«Каламбурное мышление» с одной стороны, «власть слова»-с другой: на них построено все мастерство Д. Мережковского. Приводить примеры было бы и скучно, и утомительно, и бесполезно: достаточно указать на власть слова-власть цитат над этим писателем. Вечные, бесконечные цитаты! Не он ими, а они им владеют. Интересно было-бы подсчитать (громадный труд!), сколько раз герои Д. Мережковского-т.-е. он сам- сколько раз они «вспоминают» но любому мелкому поводу чужие слова, цитаты, евангельские тексты и т. д. Если хотите видеть типичный пример-просмотрите последние страницы четвертой главы девятой книги «Петра и Алексея»: там автор, спрятавшись за манекенного Тихона, вспоминает, не давая бедному читателю ни отдыху, ни сроку, целый ряд цитат из Ньютона, из Брюса, из Писания, из Леонардо-да-Винчи-и все это связано словесными ассоциациями, сшито белыми нитками каламбурного мышления. И таких примеров десятки, сотни! Другой пример той-же «власти слова» над Д. Мережковским: типичные для него «обращенные фразы»-обращенные кстати и некстати. Святая плоть- бесплотная святость одухотворение плоти-воплощение духа; бесплотная духовность-бездушная святость; воплощаемый Бог-обожествляемая плоть: умерщвленная плоть-мертвая плотскость: какая поистине это ледяная игра разума! Из двух-трех льдинок складывает холодный Кай нее те-же, все те-же слова-и никак не может только сложить самого простого: любовь к людям. И это без конца, без предела, настойчиво, холодно, утомительно. Так и мелькают на страницах «преступная мученица» и «добродетельный палач», «раздвоенное сознание» и «бессознательное раздвоение», «неразумный Бог» и «безбожный разум»; или: «начали богословием, кончили сквернословием», «начали гладью, кончили гадью». Или еще сложнее: «у Л. Толстого мы слышим, потому что видим: у Достоевского мы видим, потому что слышим»; «потому-ли он ни на кого не похож, что болен, или потому болен, что не похож ни на кого?» И так далее, и так далее, без перерывов, без конца, строго следуя знаменитой формуле:
Мог-ли ожидать автор этих пресловутых строк, что сущность их ляжет некогда в основу литературного метода Д. Мережковского?
Но ночему-же, однако, если Д. Мережковский так любит слово, почему оно не живет в его мастерстве, почему он не творец, а мастер, не поэт, а стихослагатель? Внутренняя причина этого лежит глубоко-в самом существе, самой сущности этого писателя (о чем у нас еще будет речь); но достаточно уже ознакомиться с четырьмя томами его стихотворений, чтобы убедиться в «бледной немочи» Д. Мережковского.

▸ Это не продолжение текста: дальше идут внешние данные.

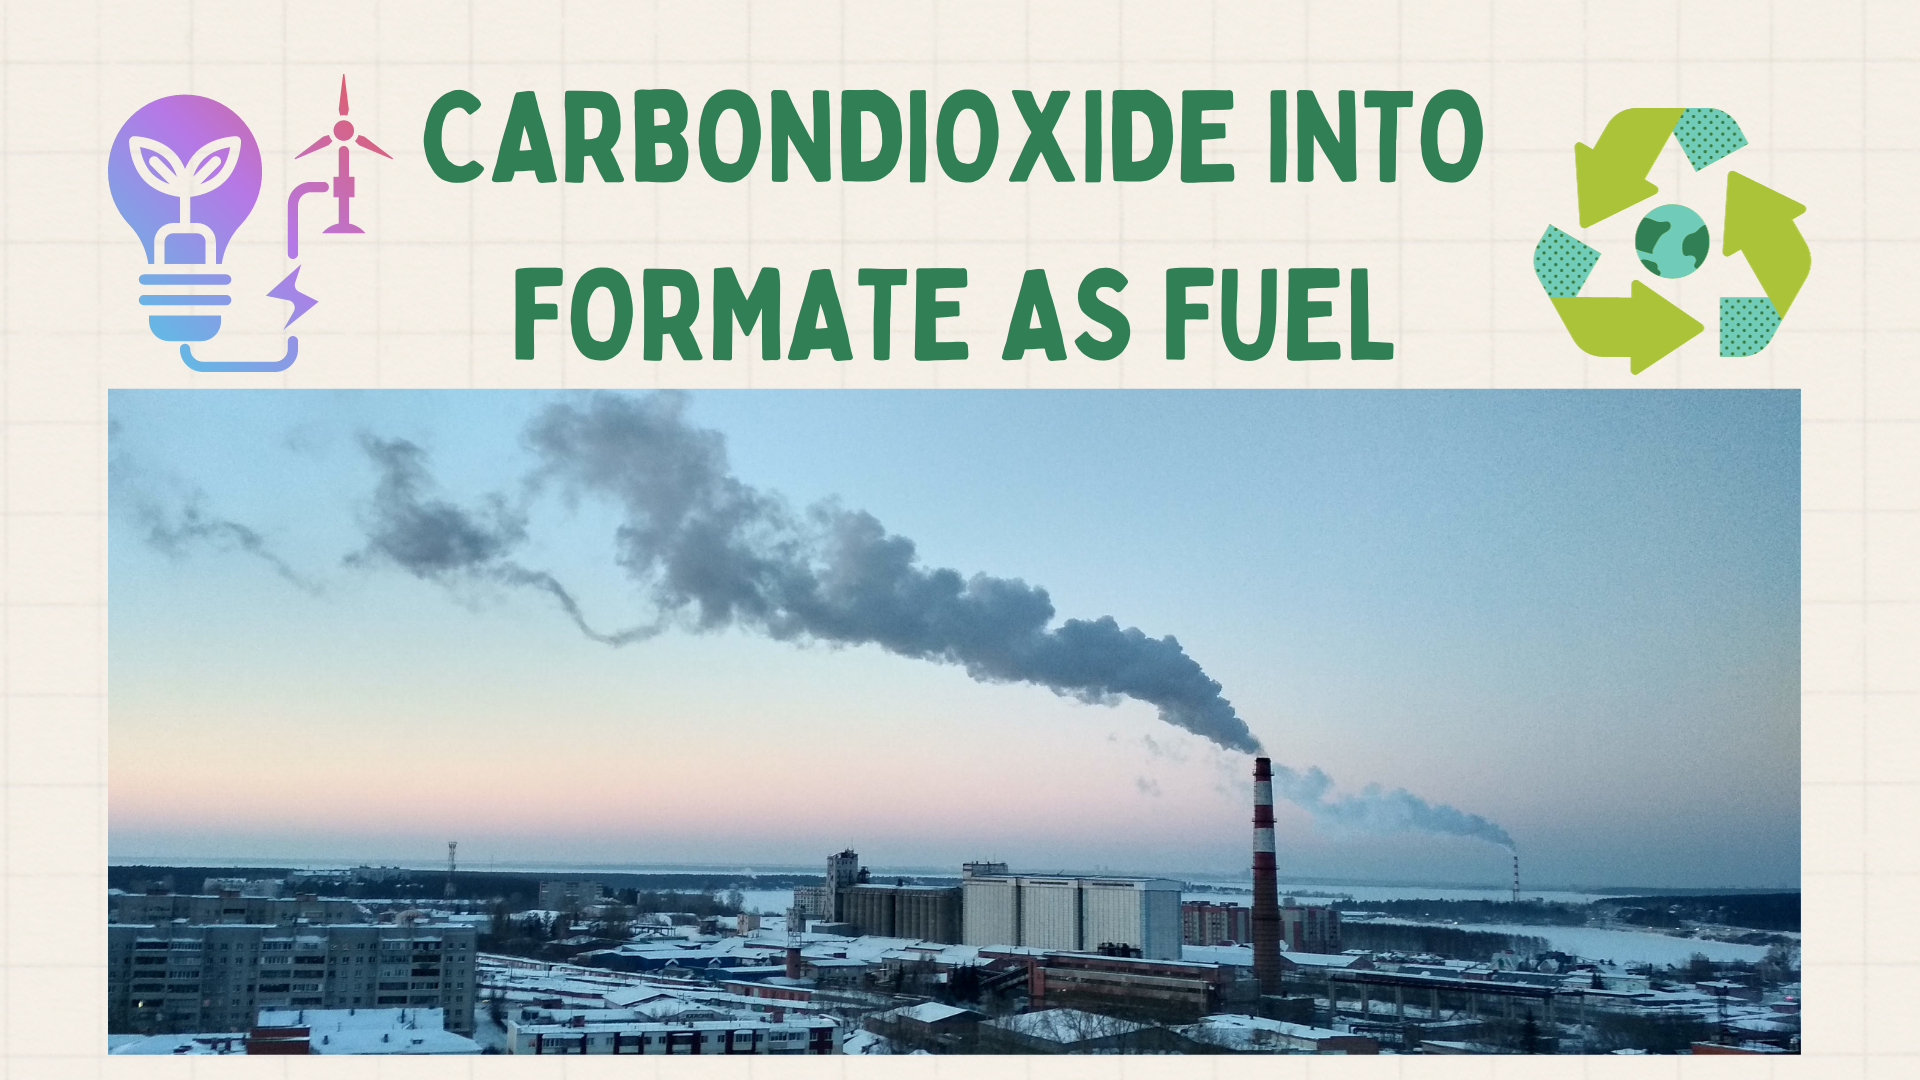 Carbondioxide into Formate as fuel.

Прежде всего, слушая слова Д. Мережковского, не всегда можешь поверить его чувству. Мне всегда вспоминается, как, произнося свою статью о Тургеневе на вечере, посвященном его памяти, Д. Мережковский прочел по тетрадке: «у меня сейчас такое чувство, как будто И. С. Тургенев, которого кое-кто из пришедших на эти поминки знал при жизни-… у меня, говорю я, такое чувство, как будто он присутствует здесь, видит и слышит нас»… (XVIII, 197). Вот вам «экспромт», тщательно заготовленный дома! Как же после этого верить во все слова Д. Мережковского?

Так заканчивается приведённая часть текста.